Xu Dong, Li Hao, Su Fanghui, Qiu Sizheng, Tong Huixia, Huang Meifeng, Yao Jianzhong
Department of Neuroelectrophysiology, Anyang People's Hospital, Anyang, China.
Shenzhen Institute for Advanced Study, University of Electronic Science and Technology of China, Shenzhen, China.
Front Neurol. 2024 Oct 16;15:1394435. doi: 10.3389/fneur.2024.1394435. eCollection 2024.
The diagnosis of intracranial atherosclerotic stenosis (ICAS) is of great significance for the prevention of stroke. Deep learning (DL)-based artificial intelligence techniques may aid in the diagnosis. The study aimed to identify ICAS in the middle cerebral artery (MCA) based on a modified DL model.
This retrospective study included two datasets. Dataset1 consisted of 3,068 transcranial Doppler (TCD) images of the MCA from 1,729 patients, which were assessed as normal or stenosis by three physicians with varying levels of experience, in conjunction with other medical imaging data. The data were used to improve and train the VGG16 models. Dataset2 consisted of TCD images of 90 people who underwent physical examination, which were used to verify the robustness of the model and compare the consistency between the model and human physicians.
The accuracy, precision, specificity, sensitivity, and area under curve (AUC) of the best model VGG16 + Squeeze-and-Excitation (SE) + skip connection (SC) on dataset1 reached 85.67 ± 0.43(%),87.23 ± 1.17(%),87.73 ± 1.47(%),83.60 ± 1.60(%), and 0.857 ± 0.004, while those of dataset2 were 93.70 ± 2.80(%),62.65 ± 11.27(%),93.00 ± 3.11(%),100.00 ± 0.00(%), and 0.965 ± 0.016. The kappa coefficient showed that it reached the recognition level of senior doctors.
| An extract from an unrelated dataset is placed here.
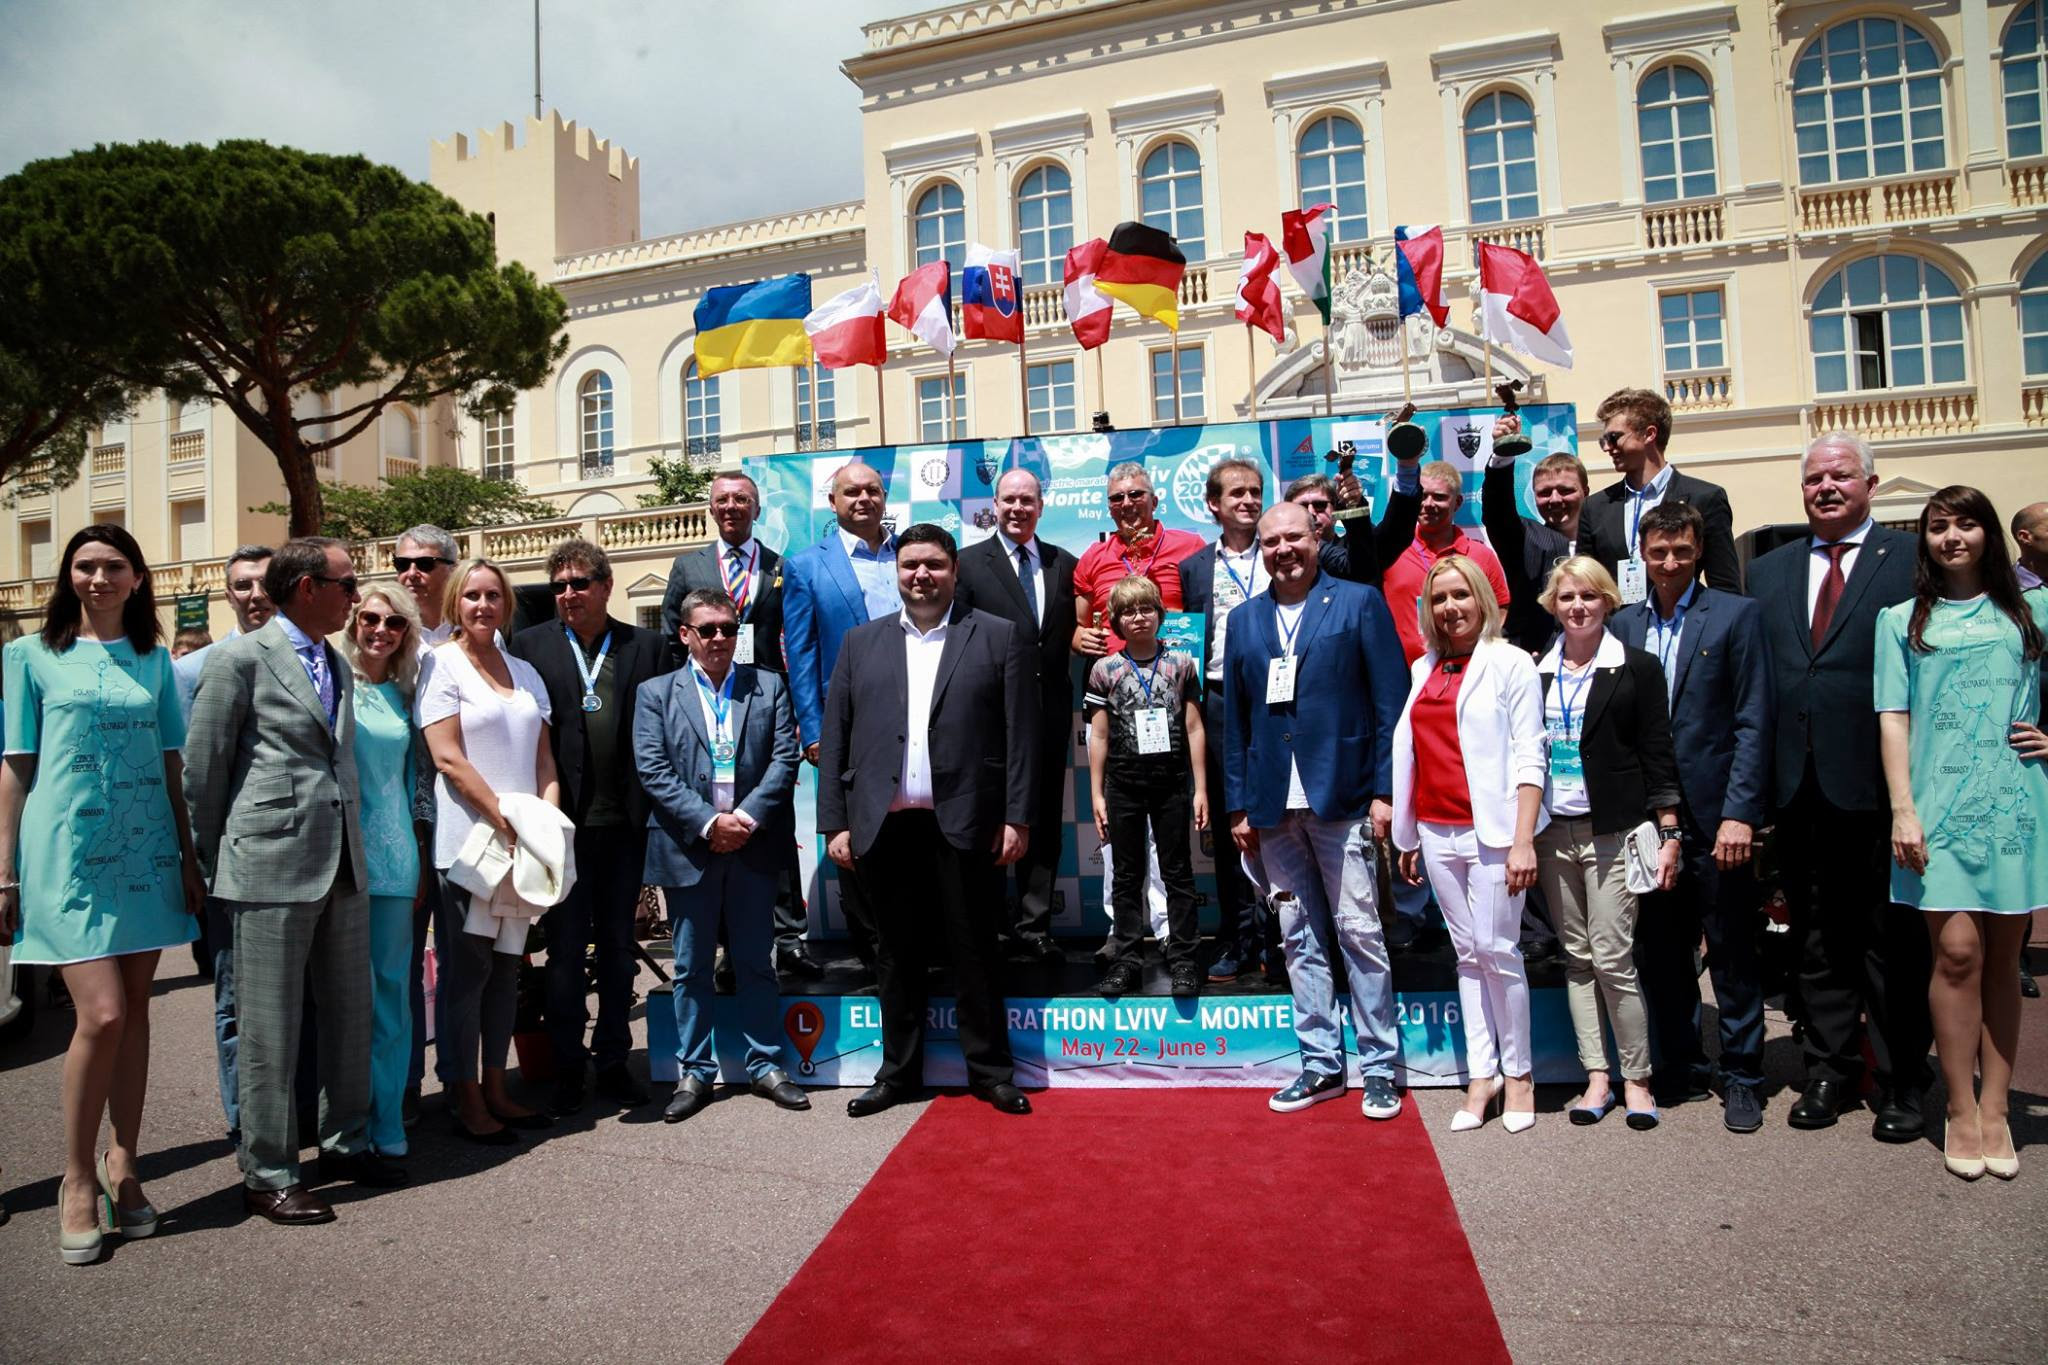 Украина взяла номинацию «Plug-In гибриды» в Монако

The improved DL model has a good diagnostic effect for MCV stenosis in TCD images and is expected to help in ICAS screening.
颅内动脉粥样硬化性狭窄(ICAS)的诊断对于预防中风具有重要意义。基于深度学习(DL)的人工智能技术可能有助于诊断。本研究旨在基于改进的DL模型识别大脑中动脉(MCA)中的ICAS。
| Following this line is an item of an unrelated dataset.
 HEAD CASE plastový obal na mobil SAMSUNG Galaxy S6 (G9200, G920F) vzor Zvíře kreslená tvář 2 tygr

这项回顾性研究包括两个数据集。数据集1由来自1729名患者的3068张MCA的经颅多普勒(TCD)图像组成,由三名经验水平不同的医生结合其他医学影像数据将其评估为正常或狭窄。这些数据用于改进和训练VGG16模型。数据集2由90名接受体检者的TCD图像组成,用于验证模型的稳健性并比较模型与人类医生之间的一致性。
最佳模型VGG16+挤压激励(SE)+跳跃连接(SC)在数据集1上的准确率、精确率、特异性、敏感性和曲线下面积(AUC)分别达到85.67±0.43(%)、87.23±1.17(%)、87.73±1.47(%)、83.60±1.60(%)和0.857±0.004,而在数据集2上分别为93.70±2.80(%)、62.65±11.27(%)、93.00±3.11(%)、100.00±0.00(%)和0.965±0.016。kappa系数表明其达到了高级医生的识别水平。
改进后的DL模型对TCD图像中的MCV狭窄具有良好的诊断效果,有望有助于ICAS筛查。